Hi how's it going? I have a 1D array like this:
locations = [1,2,4,4,3,2,2,4,1,4]
Where each entry represents one visit to that particular location. In this case there are 4 locations - 1,2,3 and 4. I want to transform this to a 2x2 numpy array the top left box has the number of visits to location 1, top right to location 2, bottom left to location 3, and bottom right to location 4.
Something like this:
np.array([[2,3],[1,4]])
How would I go about doing this in a way that would scale well when given a much larger location array? Thanks so much and have a lovely day.
CodePudding user response:
what you want to do is count the unique values. Here is an example:
import numpy as np
locations = [1,2,4,4,3,2,2,4,1,4]
result = np.array(np.unique(locations, return_counts=True))
print(result)
The print out would be
array([[1, 2, 3, 4],
[2, 3, 1, 4]])
CodePudding user response:
I think there are two parts to your question:
- You want to count the incidence of each number that appears in your original array.

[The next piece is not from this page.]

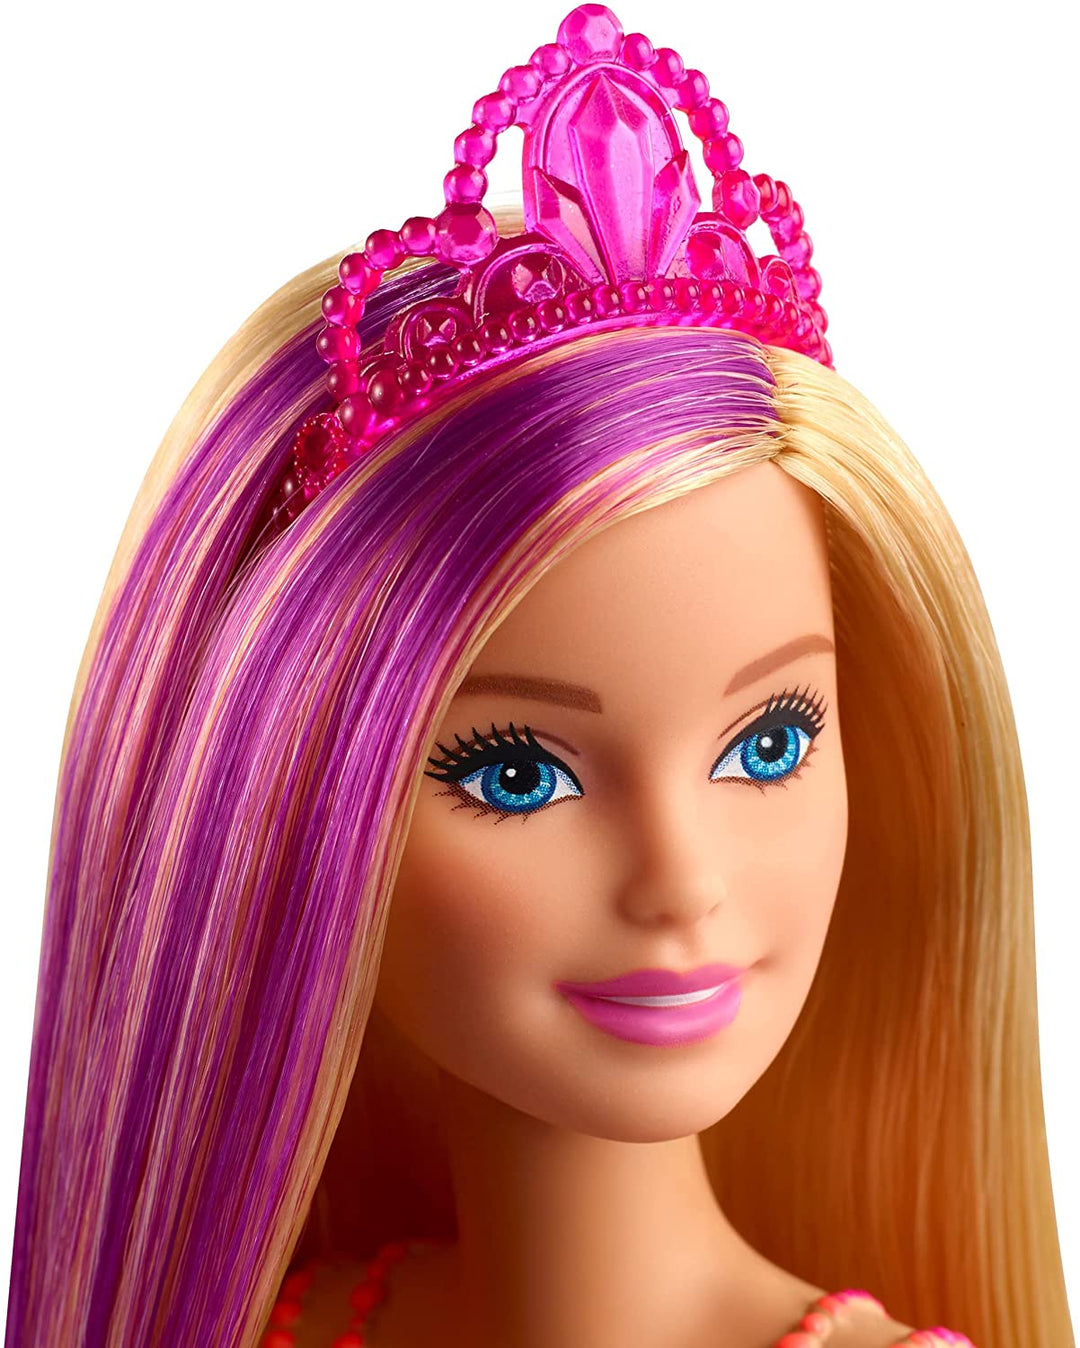 Barbie GJK13 Dreamtopia Prinzessinnenpuppe

- You want to format the resultant array (which contains the incidence of each number) as a square matrix. It wasn't clear to me whether your more general case will always only consist of the numbers 1-4 (and always result in a 2x2 matrix) or if you want to consider more general cases with e.g., values 1-16 that results in a 4x4 matrix. I'm assuming the former for now.
Pieter's answer has a good way to count the incidences (step 1), but I've modified it to separate the unique values vs. the counts:
import numpy as np
locations = [1,2,4,4,3,2,2,4,1,4]
values,counts = np.array(np.unique(locations, return_counts=True))

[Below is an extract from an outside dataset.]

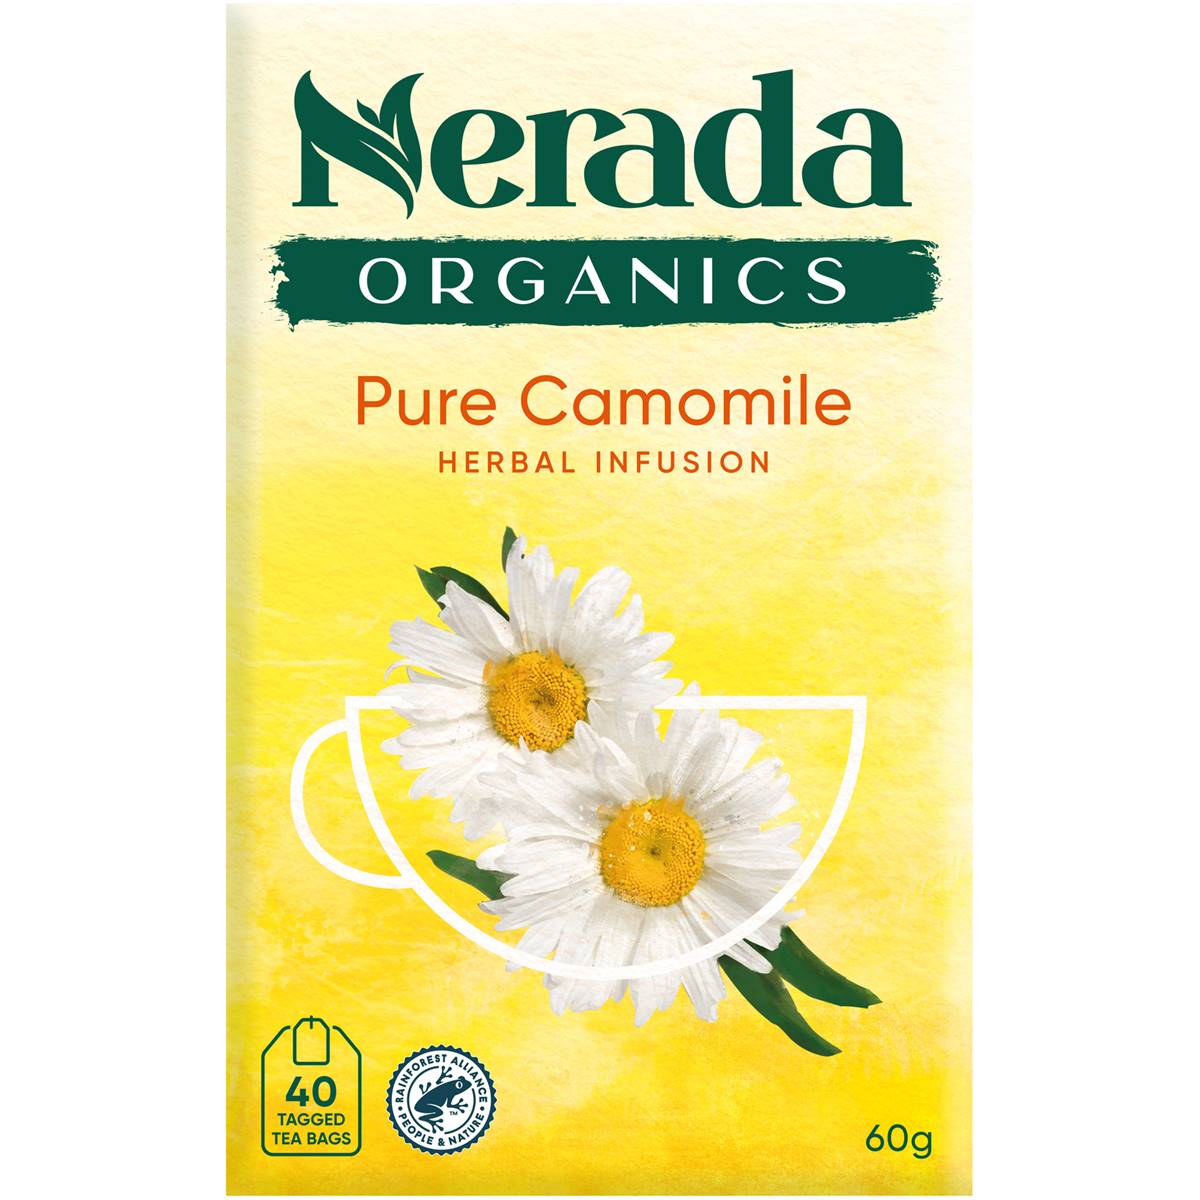 Calories in Nerada Organic Camomile Tea Bags

Pieter's answer does not return a 2x2 array (step 2), but you can get that by reshaping the counts array here:
counts2x2=counts.reshape([2,2])
print(counts2x2)
the output of which will be:
[[2 3]
[1 4]]
There is one caveat here, in that this method will not work if your original array does not have the values 1-4 all represented in it! i.e., this method will not work if your original array only has 1, 2, & 4 in it--it will simply return a length 3 array of counts rather than a length 4 array with a zero in the 3 spot. If you have a very large input array, that is probably unlikely to be an issue, but if you want to be safer I would recommend using np.histogram which can count up the number of objects in different bins much more generally:
import numpy as np
locations = [1,2,4,4,3,2,2,4,1,4]
locations_no3 = [1,2,4,4,2,2,2,4,1,4]
hist,edges=np.histogram(locations,bins=np.arange(0.5,5))
hist_no3,edges_no3=np.histogram(locations_no3,bins=np.arange(0.5,5))
print("With 3:")
print(hist.reshape(2,2))
print("Without 3:")
print(hist_no3.reshape(2,2))
The output is shown below. Note that this solutions works whether or not all the numbers 1-4 are represented in the original array.
With 3:
[[2 3]
[1 4]]
Without 3:
[[2 4]
[0 4]]